BEGIN MATERIAL FOR THIS EXERCISE
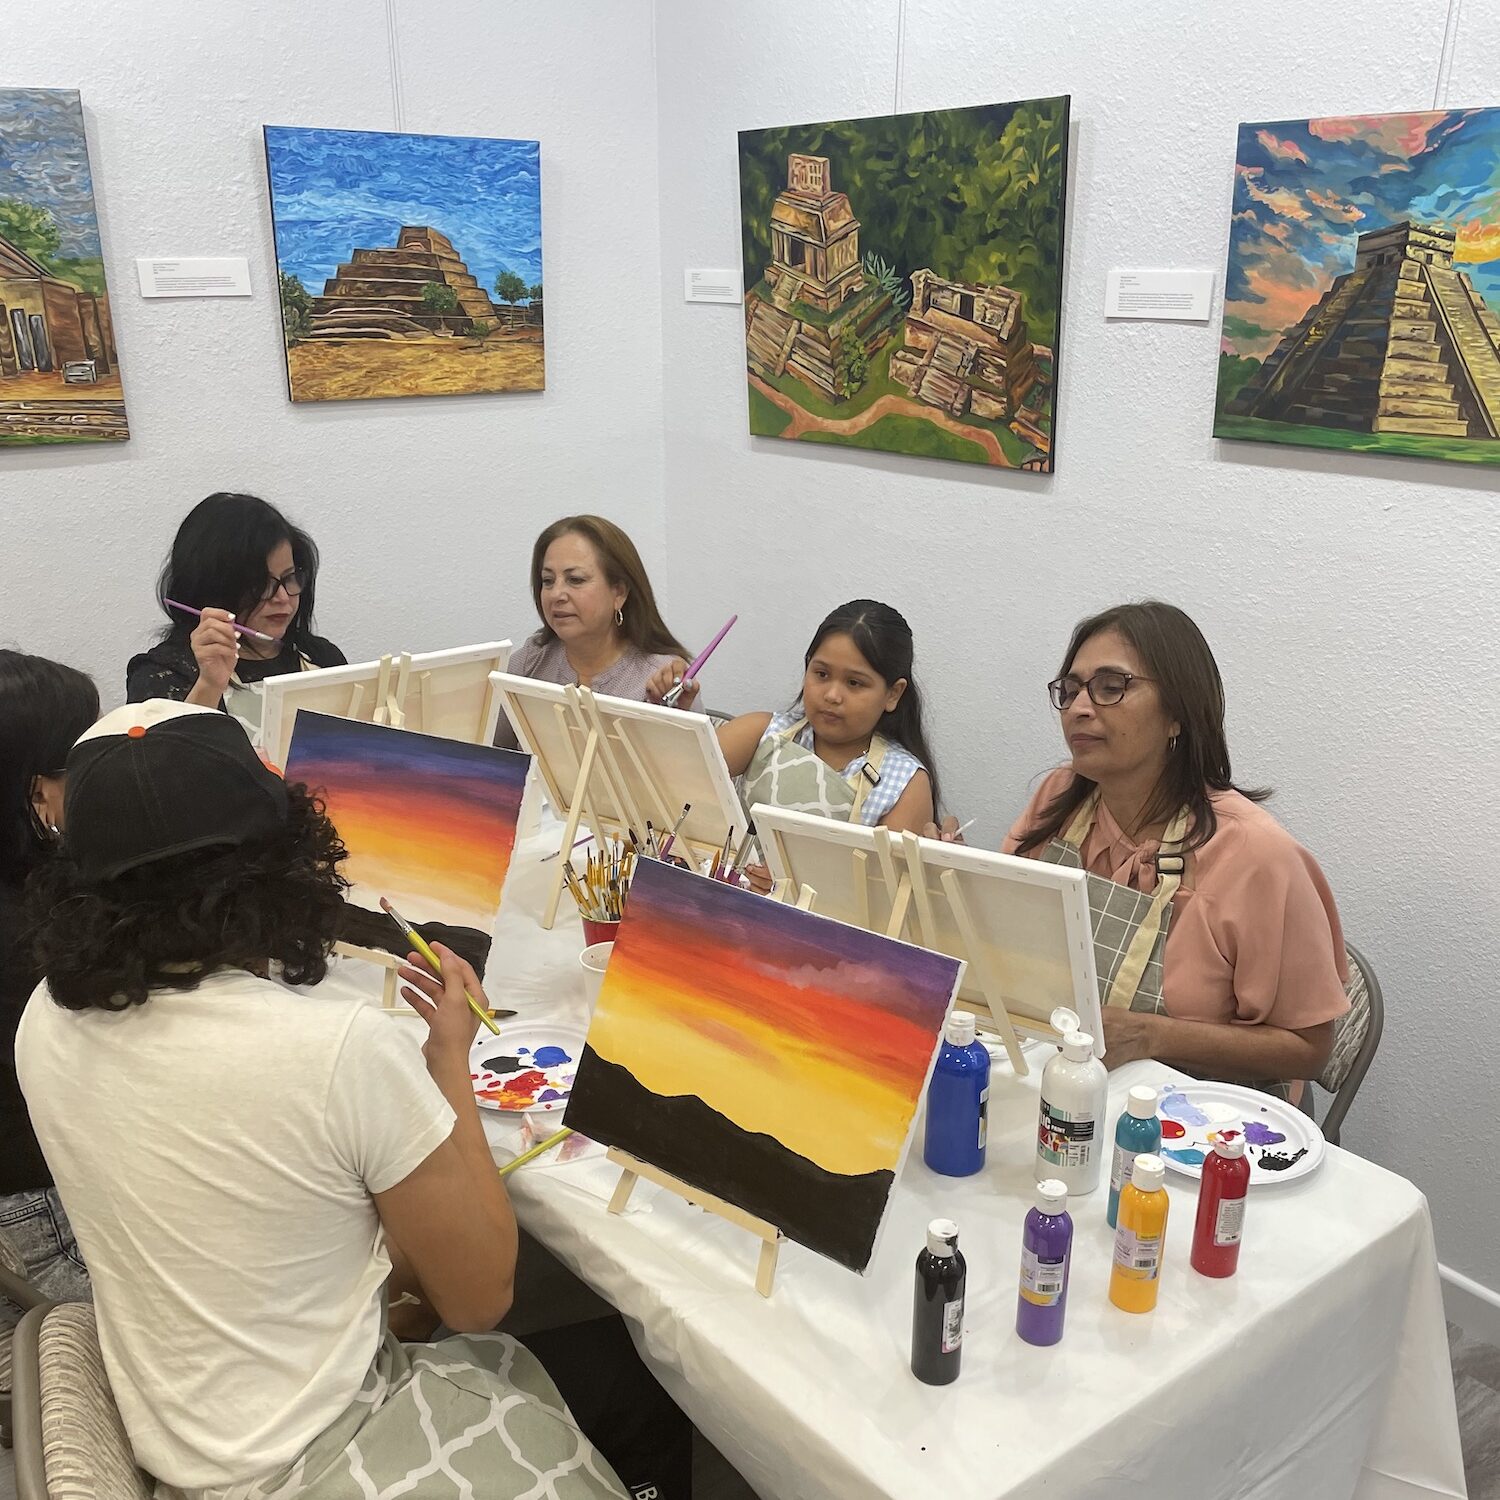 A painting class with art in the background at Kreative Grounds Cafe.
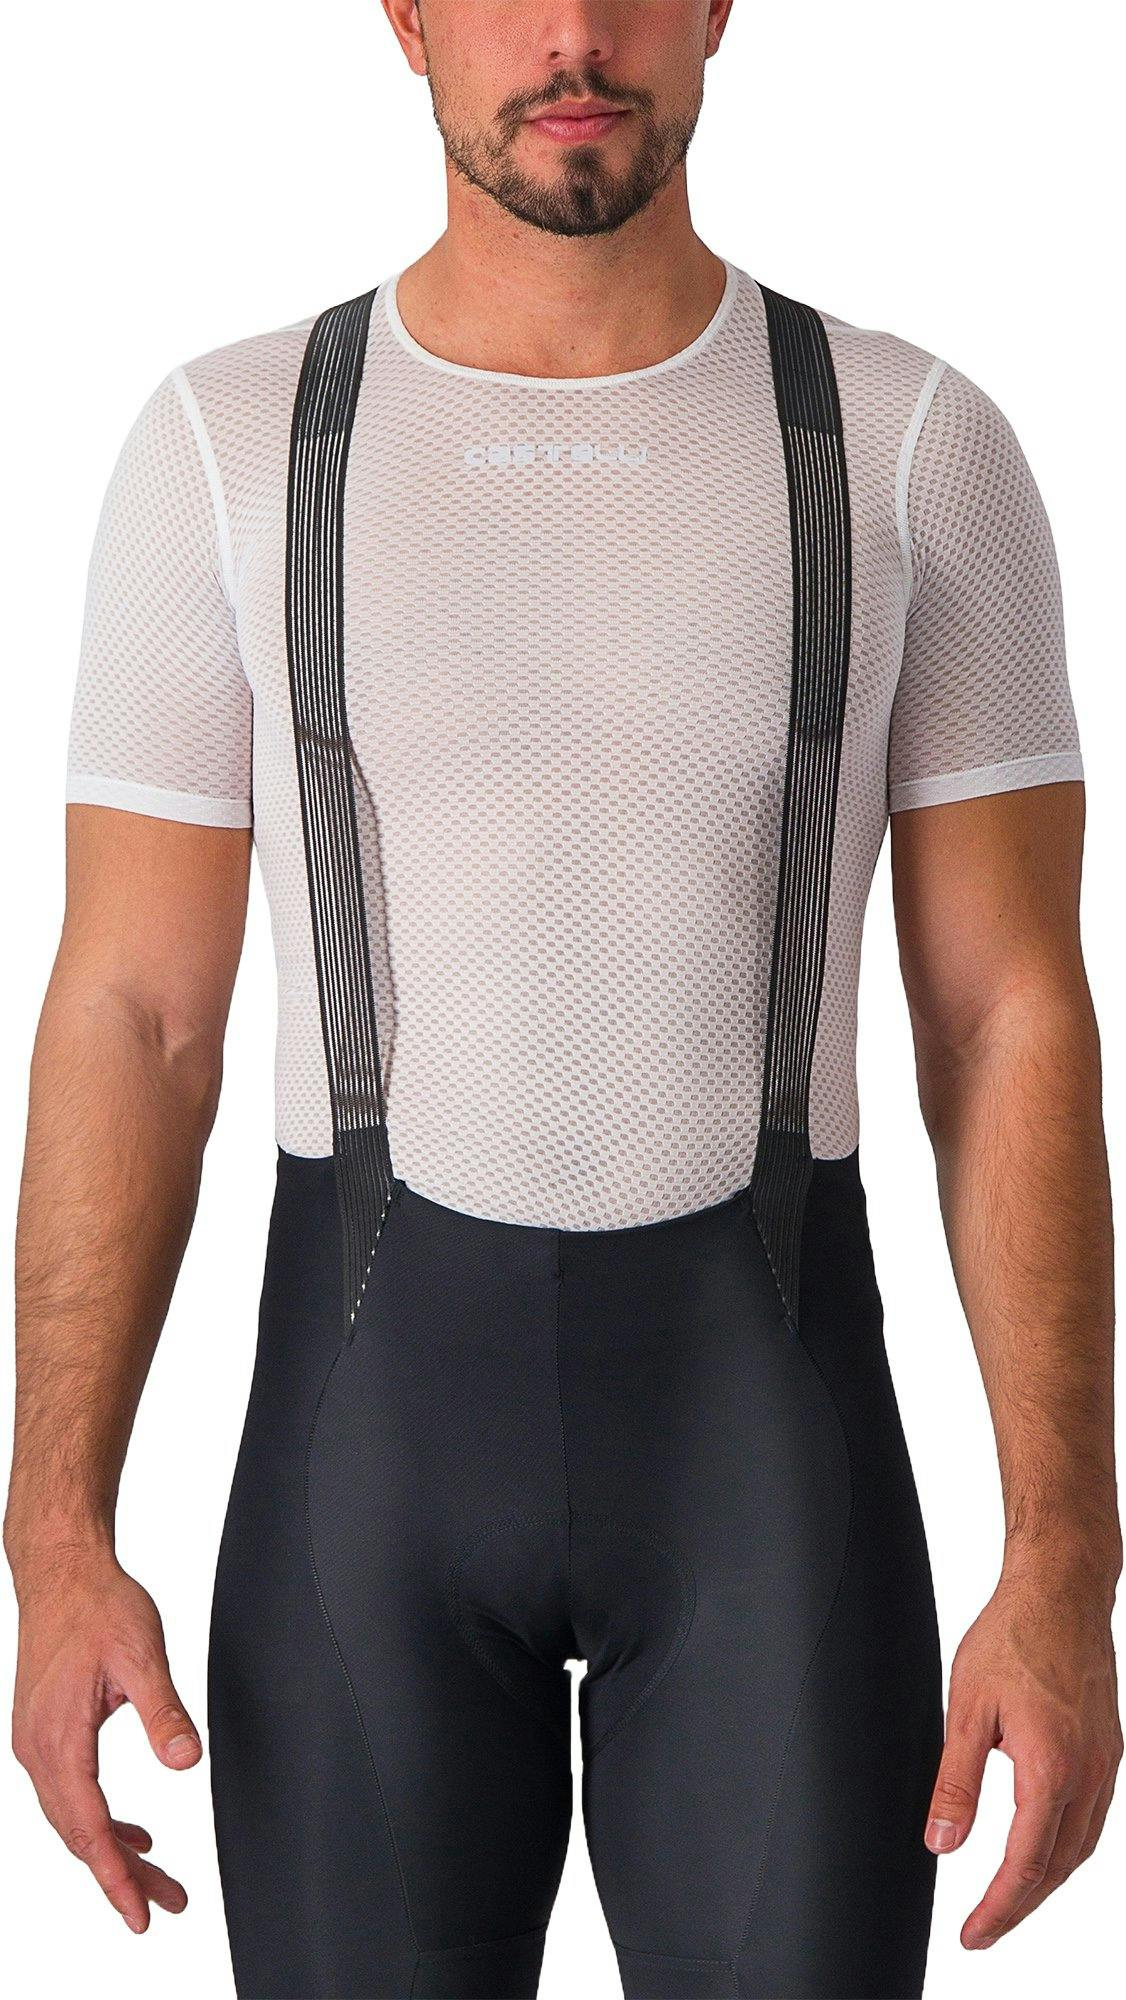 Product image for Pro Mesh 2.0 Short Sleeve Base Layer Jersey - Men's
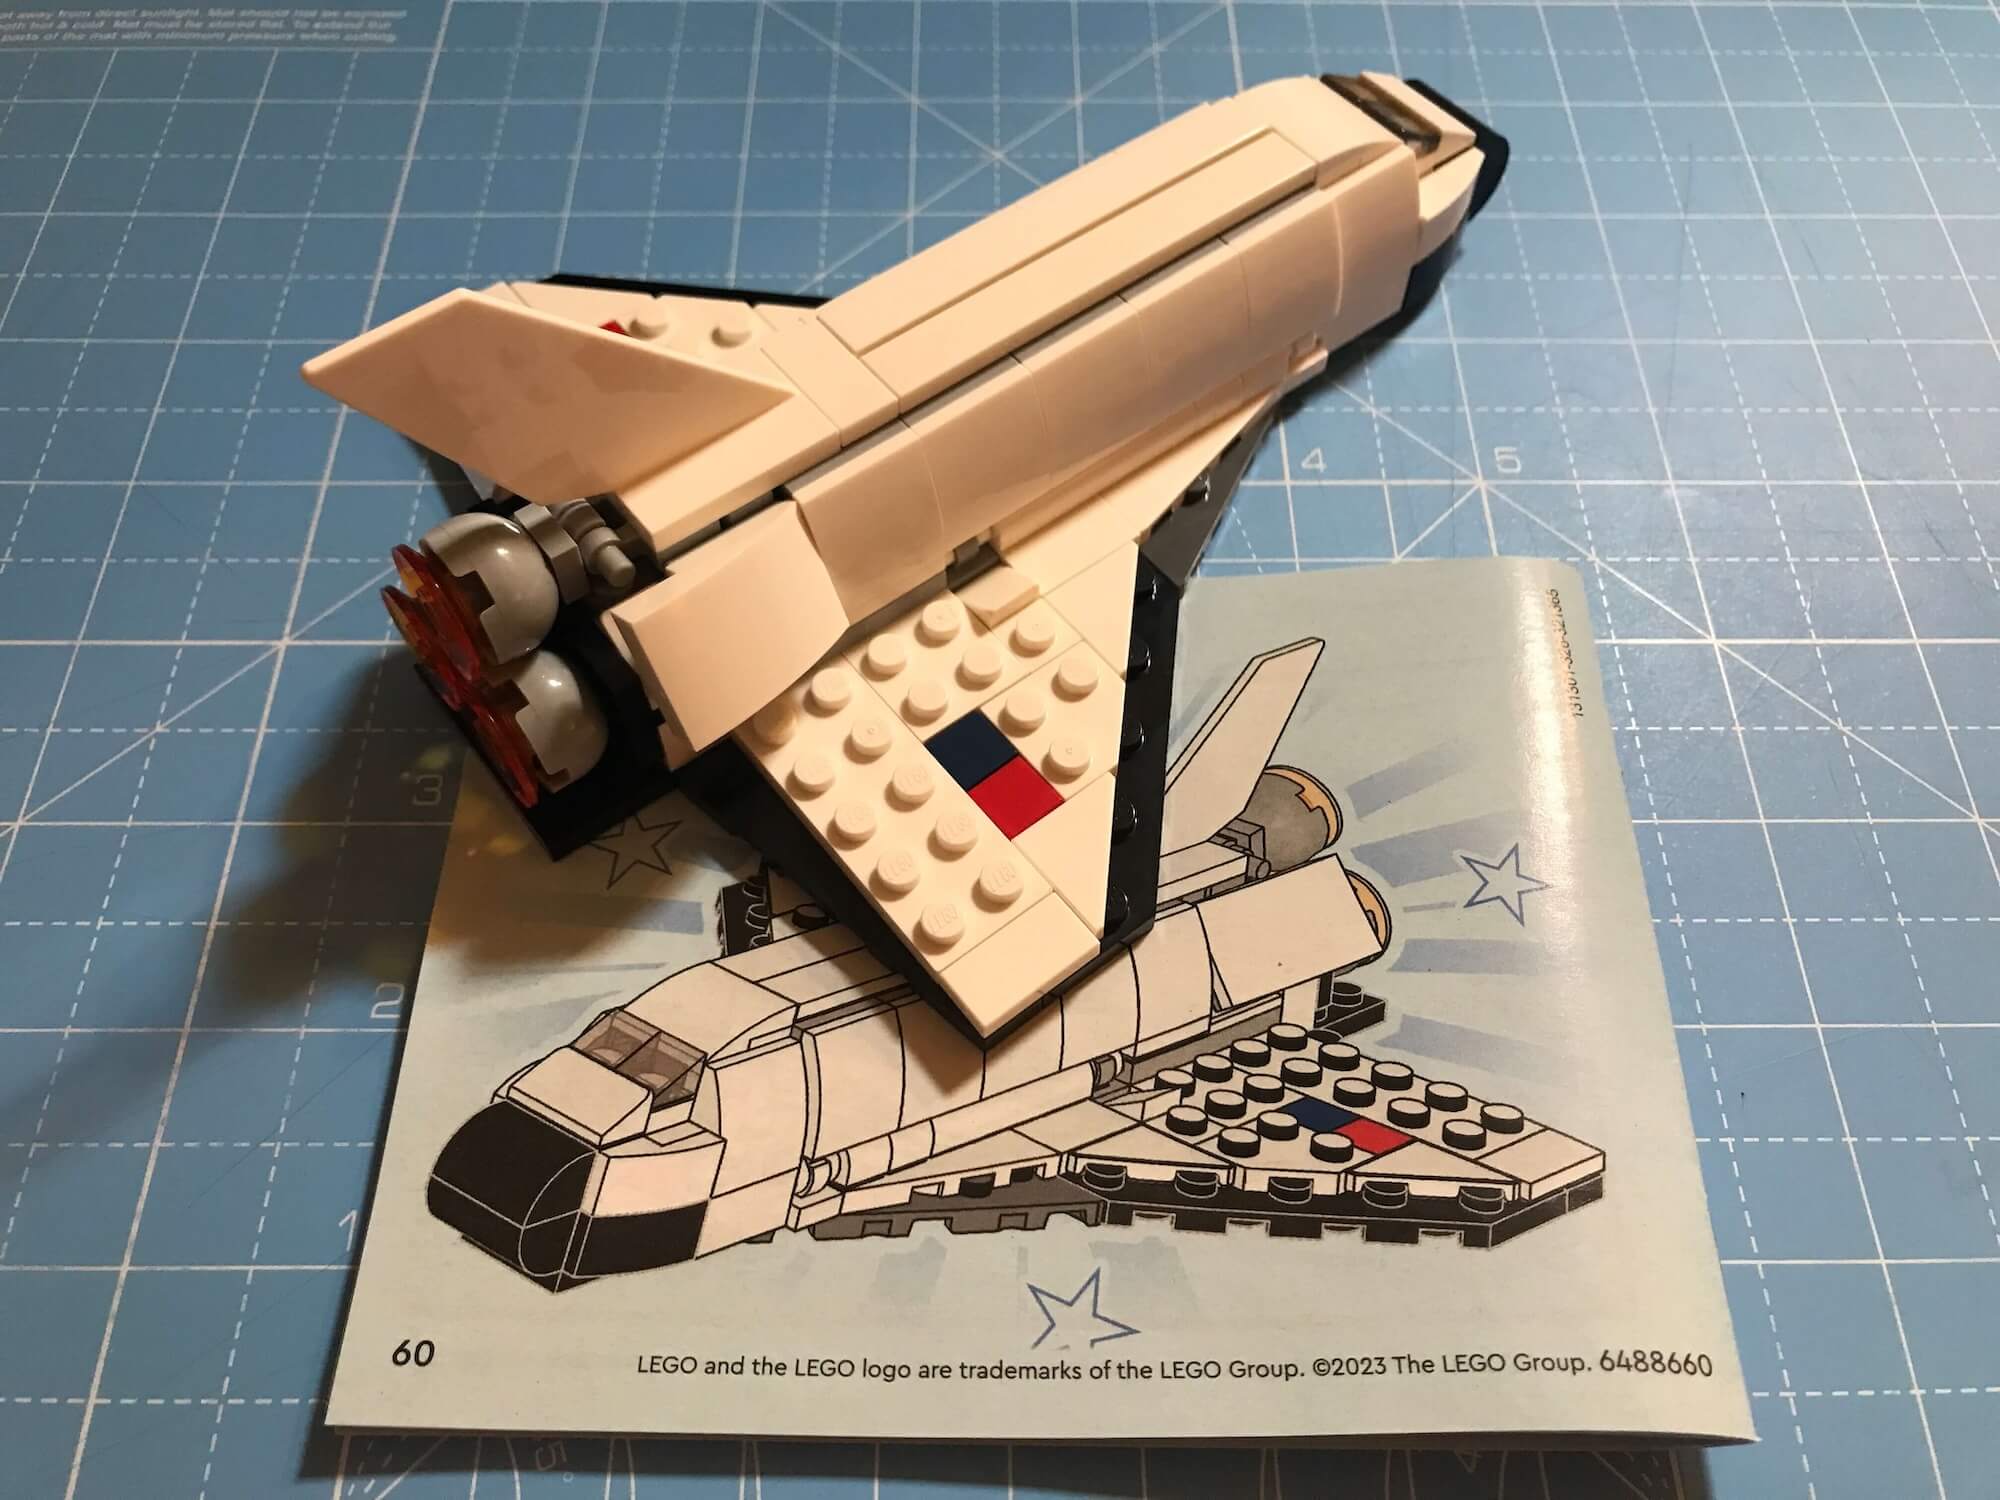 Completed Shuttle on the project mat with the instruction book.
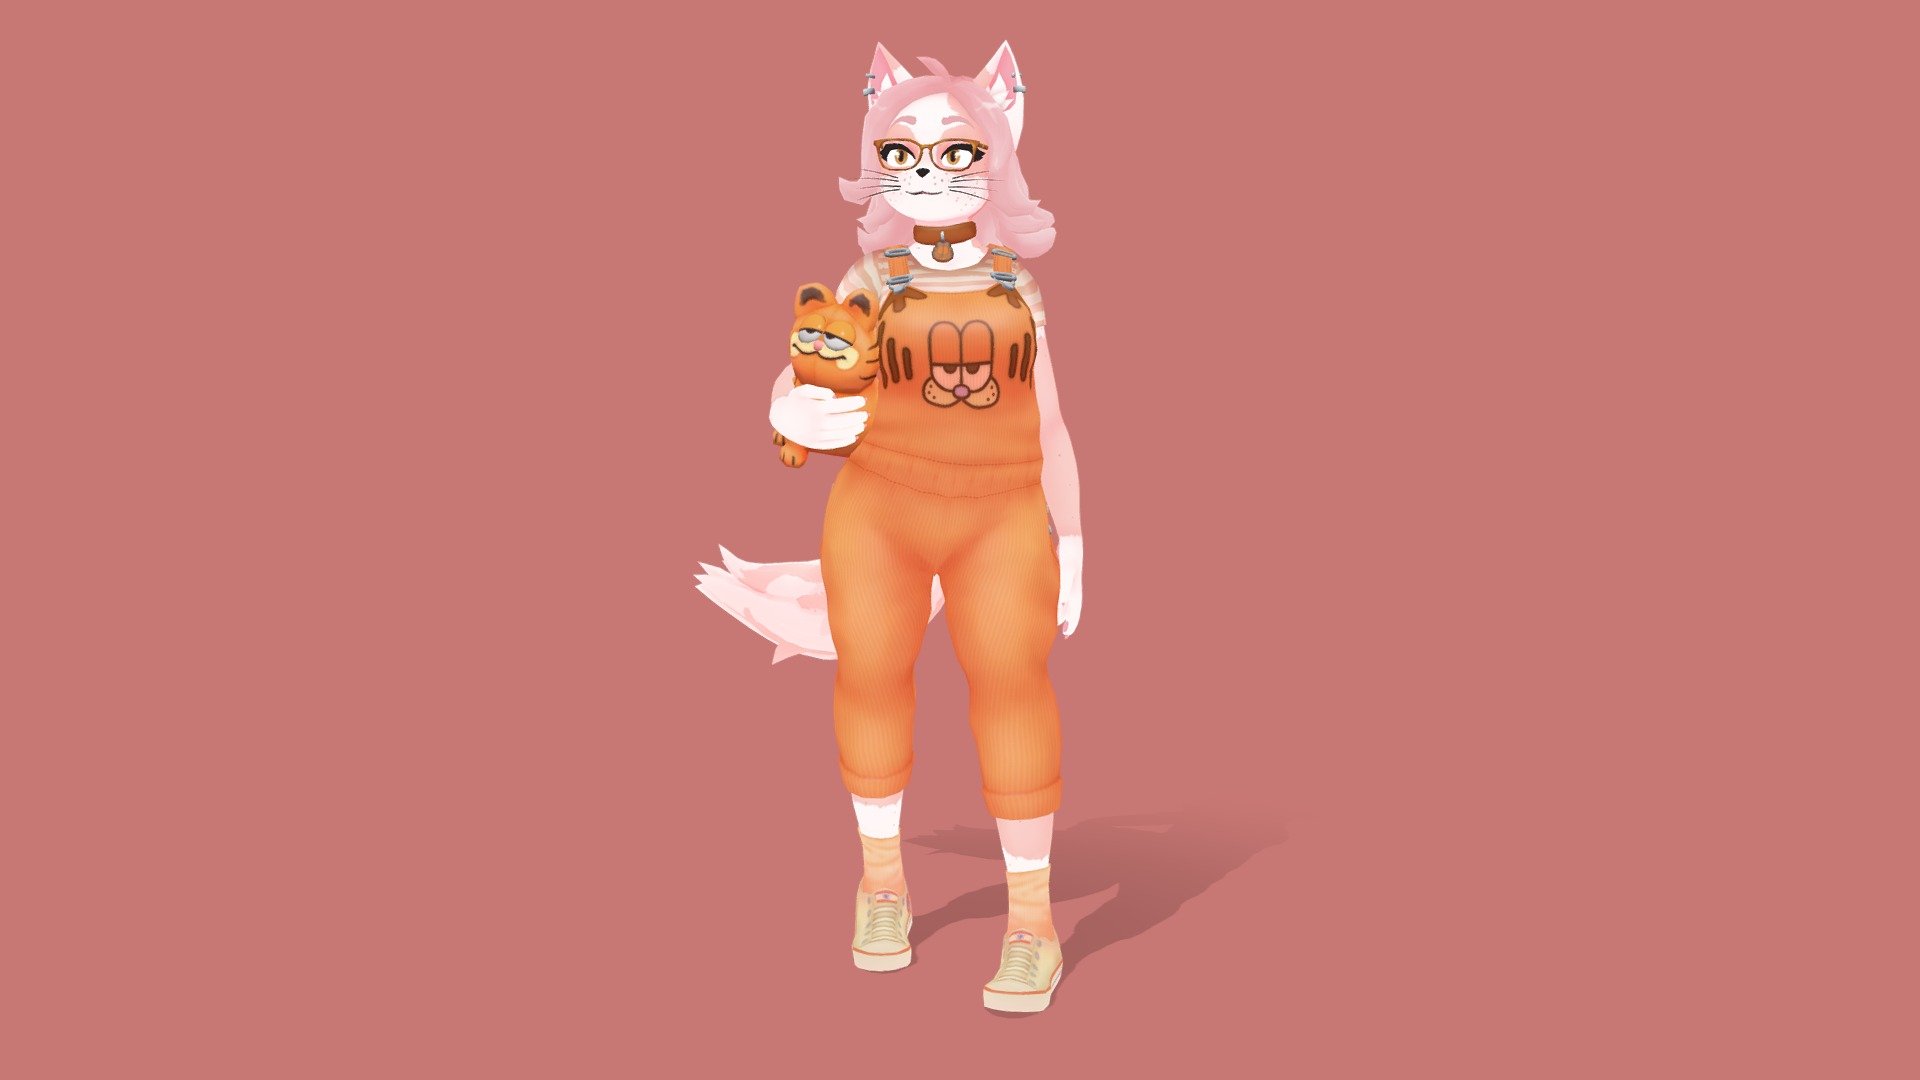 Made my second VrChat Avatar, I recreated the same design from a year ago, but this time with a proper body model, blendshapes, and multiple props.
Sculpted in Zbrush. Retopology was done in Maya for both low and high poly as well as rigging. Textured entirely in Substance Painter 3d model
END MATERIAL FOR THIS EXERCISE
• [AIM OF THE EXERCISE] Write out every record exactly. Leave the pictures out.

• [TASK RESULT]
 A painting class with art in the background at Kreative Grounds Cafe.
 Product image for Pro Mesh 2.0 Short Sleeve Base Layer Jersey - Men's
 Completed Shuttle on the project mat with the instruction book.
 Made my second VrChat Avatar, I recreated the same design from a year ago, but this time with a proper body model, blendshapes, and multiple props.
Sculpted in Zbrush. Retopology was done in Maya for both low and high poly as well as rigging. Textured entirely in Substance Painter 3d model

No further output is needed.